> _Required work_
Every line of the data below is to be given again as it appears, with the images removed.

> _Recorded information_
***
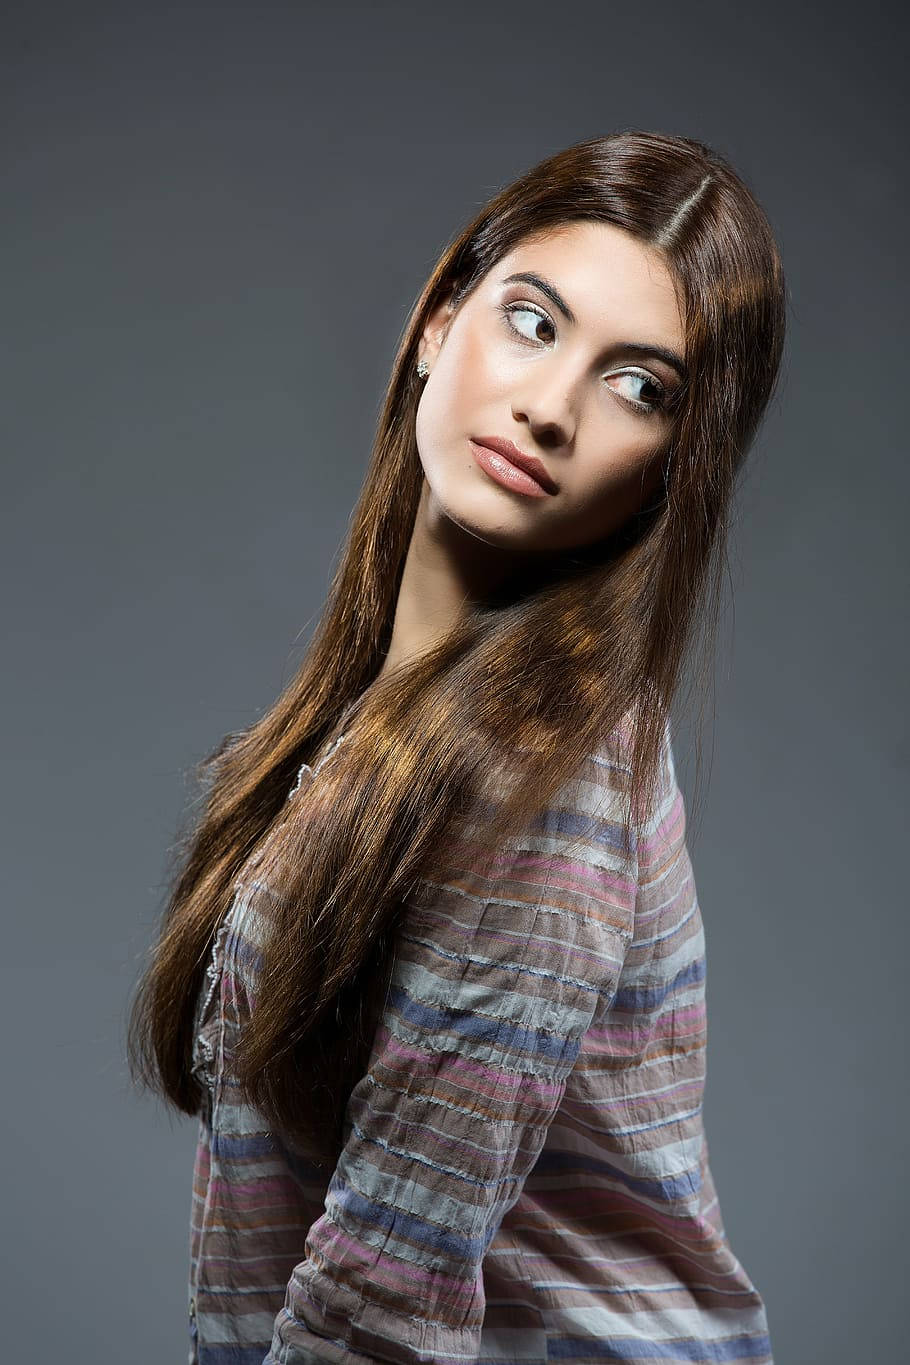 Long Brunette Hair Female Model Wallpaper
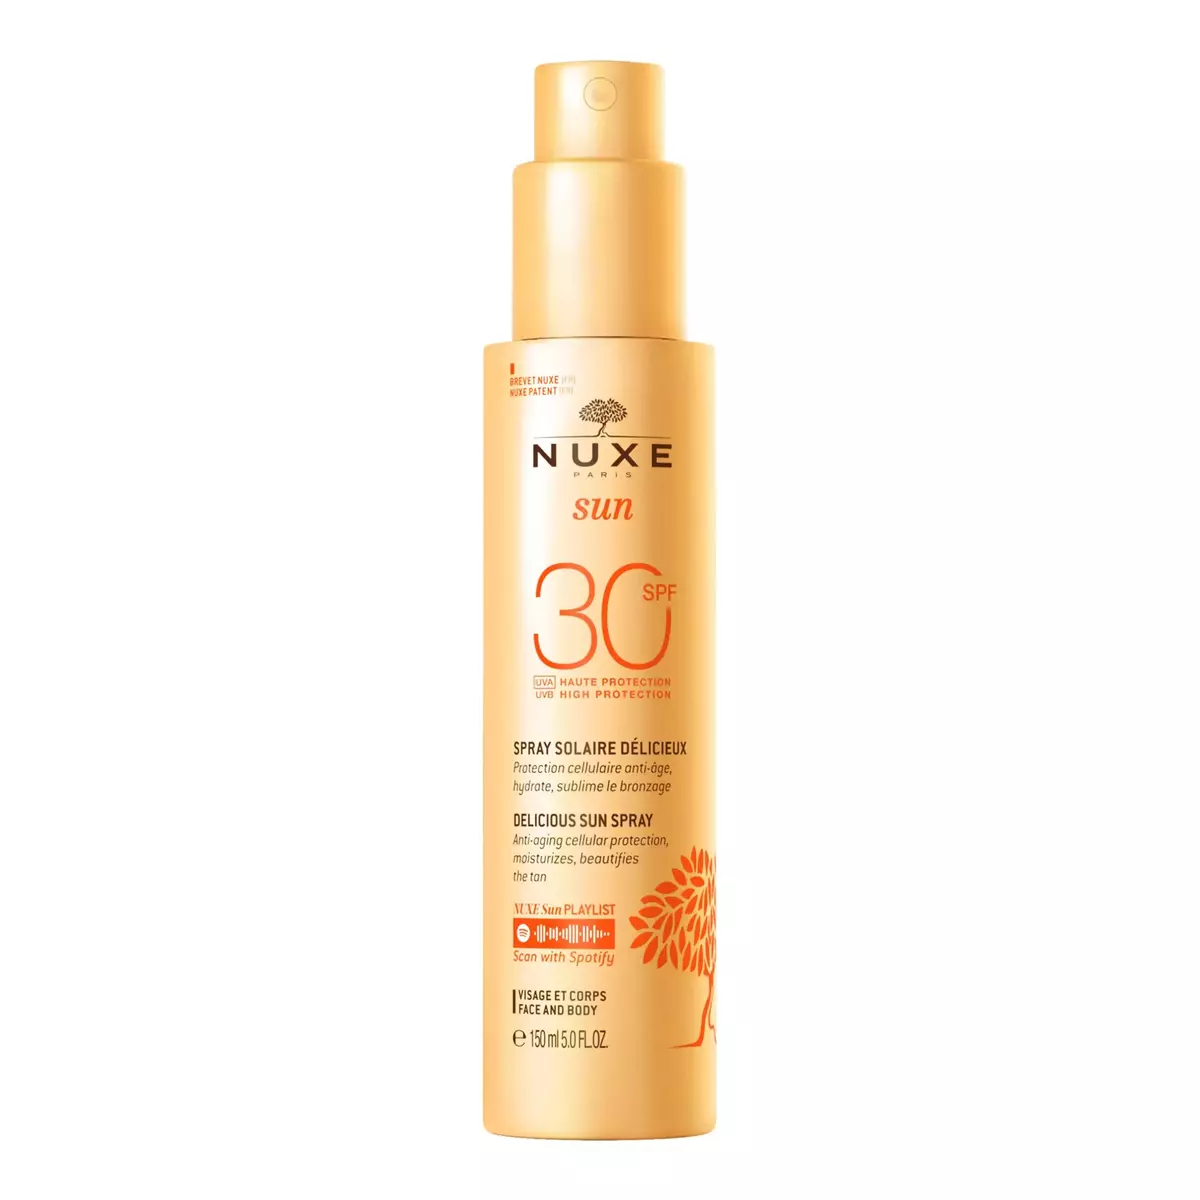 NUXE Sun Spray solaire délicieux visage et corps SPF30 150ml
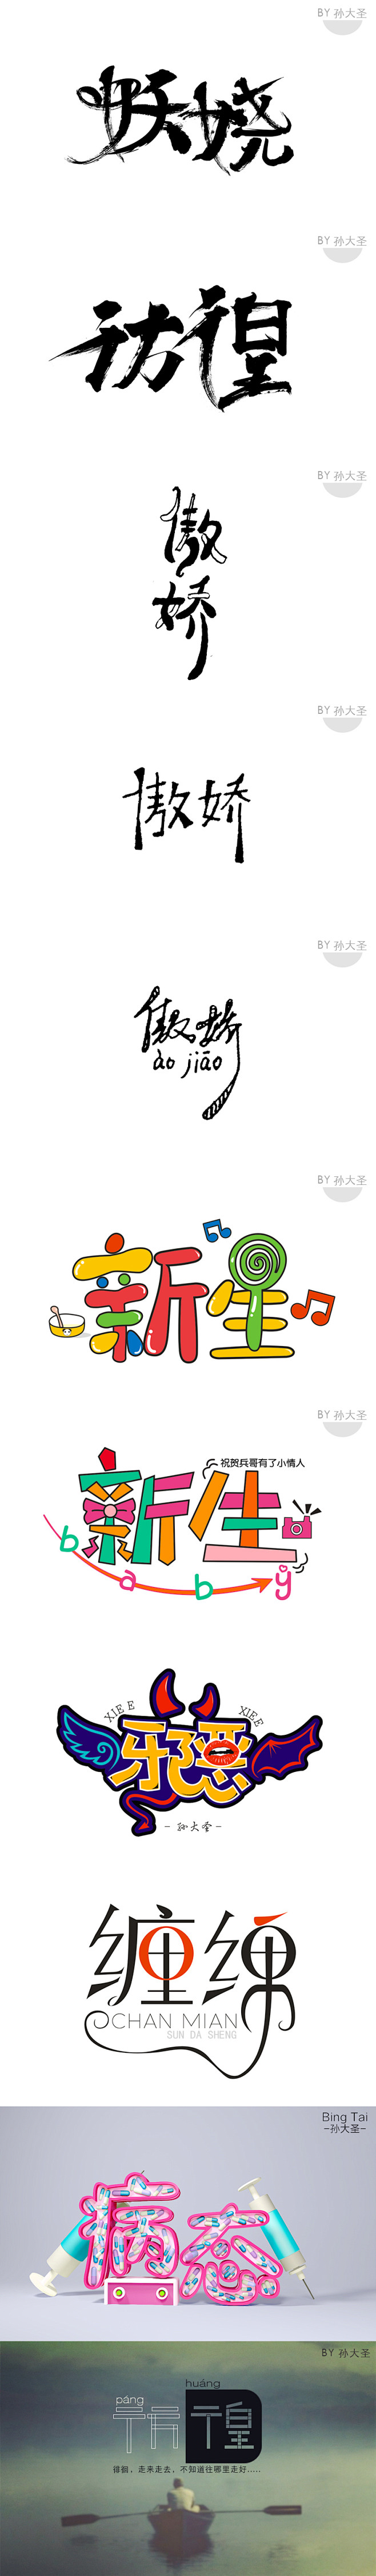 @大圣中的战斗菊：前几期的字体设计作业。
***
> _Response to this task_
 Long Brunette Hair Female Model Wallpaper
 NUXE Sun Spray solaire délicieux visage et corps SPF30 150ml
 @大圣中的战斗菊：前几期的字体设计作业。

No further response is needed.